Two gay teens who are eternally 17 yearn for a time without bigotry.
In 1895, Persian-born Shahriar struggles to find love as a gay boarding school student in London. In 1920 Boston, white pianist Oliver seeks connection with his older cousin’s gay Harvard classmates. In both times and places, they’re plagued by loneliness, betrayal by self-loathing boys within their own communities, and homophobia (the trial of Oscar Wilde, a moral panic and purge of gay students at Harvard). Their lives intersect, and through a wish, they’re made immortal, but it’s not until 1980 that Oliver and Shahriar reunite as lovers, when they discover a found family of queer Londoners. Adopted by Lily, a Jamaican-born Black trans seamstress and fashion queen, the boys finally find their queer elders.
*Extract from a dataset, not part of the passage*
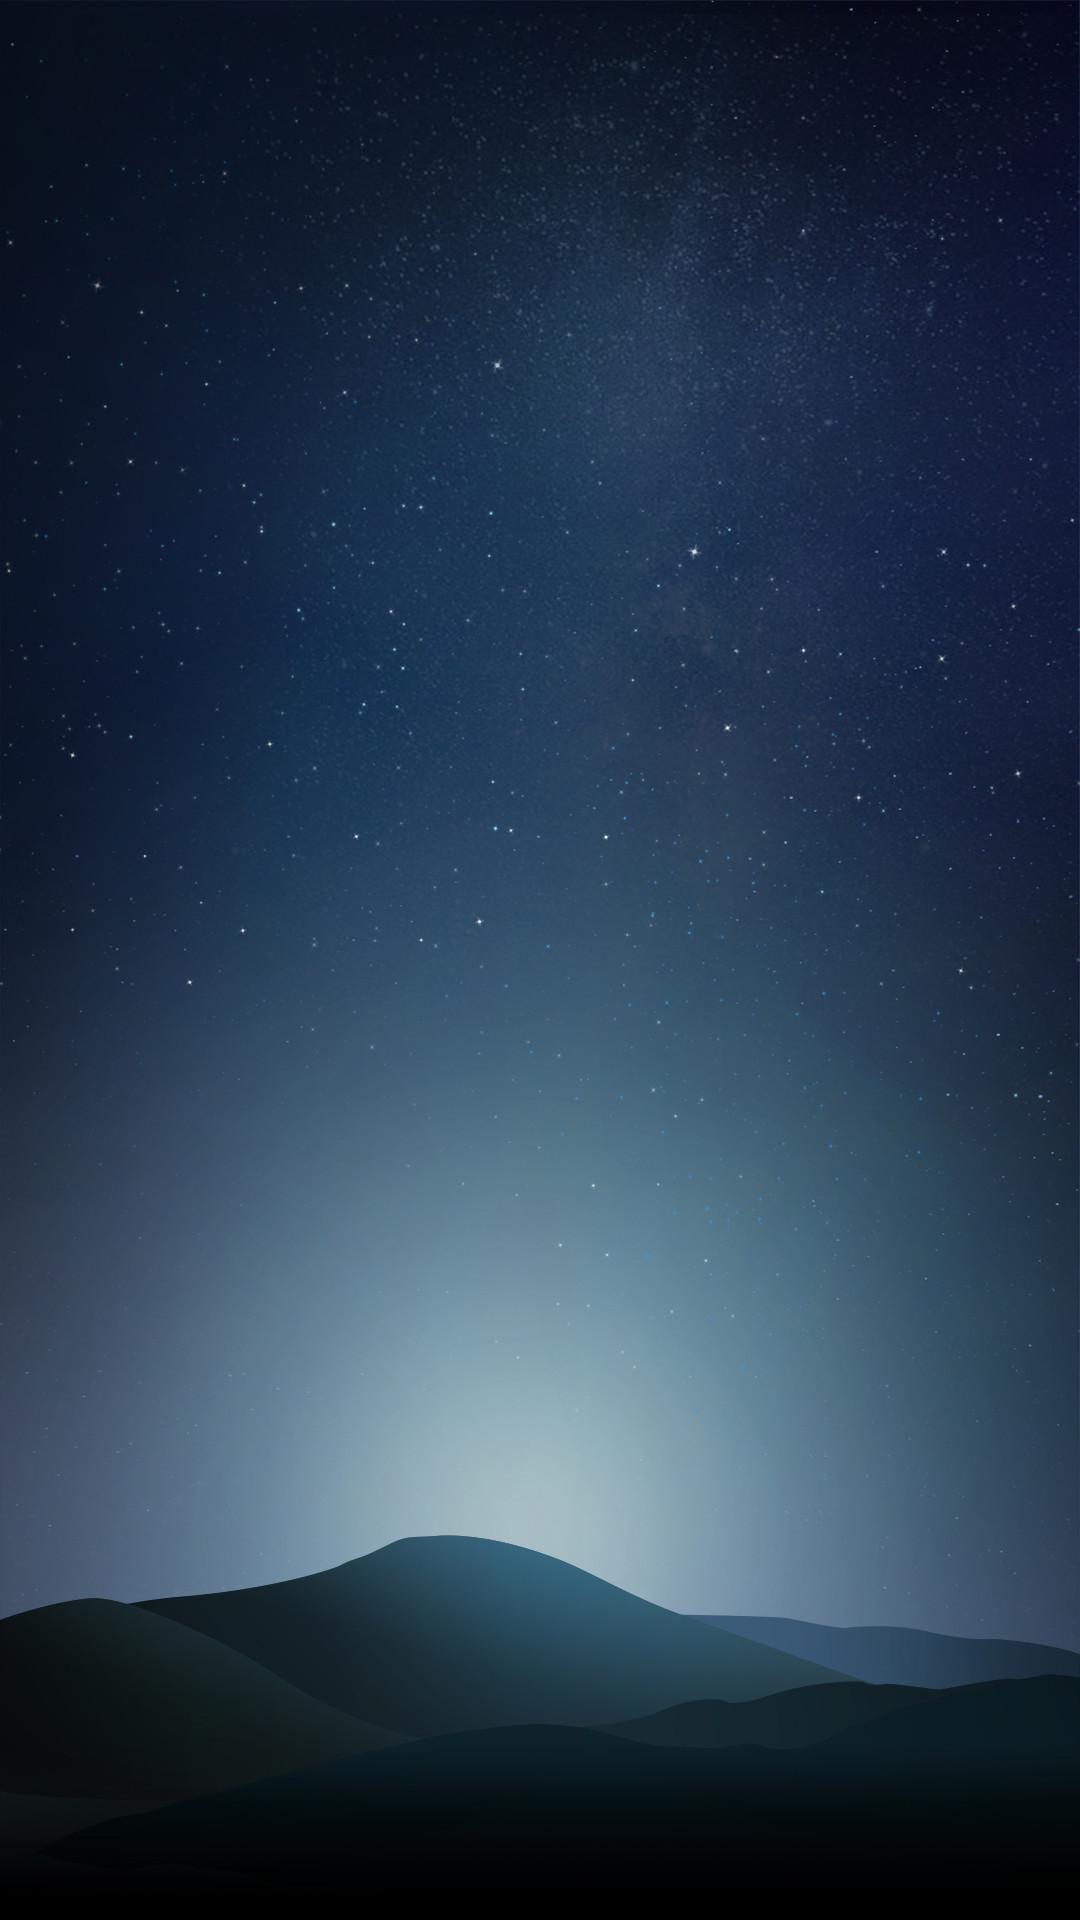 Xiaomi-Mi-A1-Stock-Wallpapers-ThemeFoxx

Yet 1980 is no more a gay utopia than 1895 or 1920 was, especially not for queer people of color living in Margaret Thatcher’s England. With the specter of HIV looming, dreams of societal acceptance feel far away. The narrative weaves back and forth among times and between Oliver’s and Shahriar’s perspectives. Their desires are poetic while the narrative, filled with a barrage of cruelties, lands with a grim determination. Lily and the London scene are delightful, but the boys’ misery-plagued romance, unfolding amid centuries of historical details, sometimes becomes a slog.
Dense with facts, speckled with hope; will appeal to patient, philosophical readers.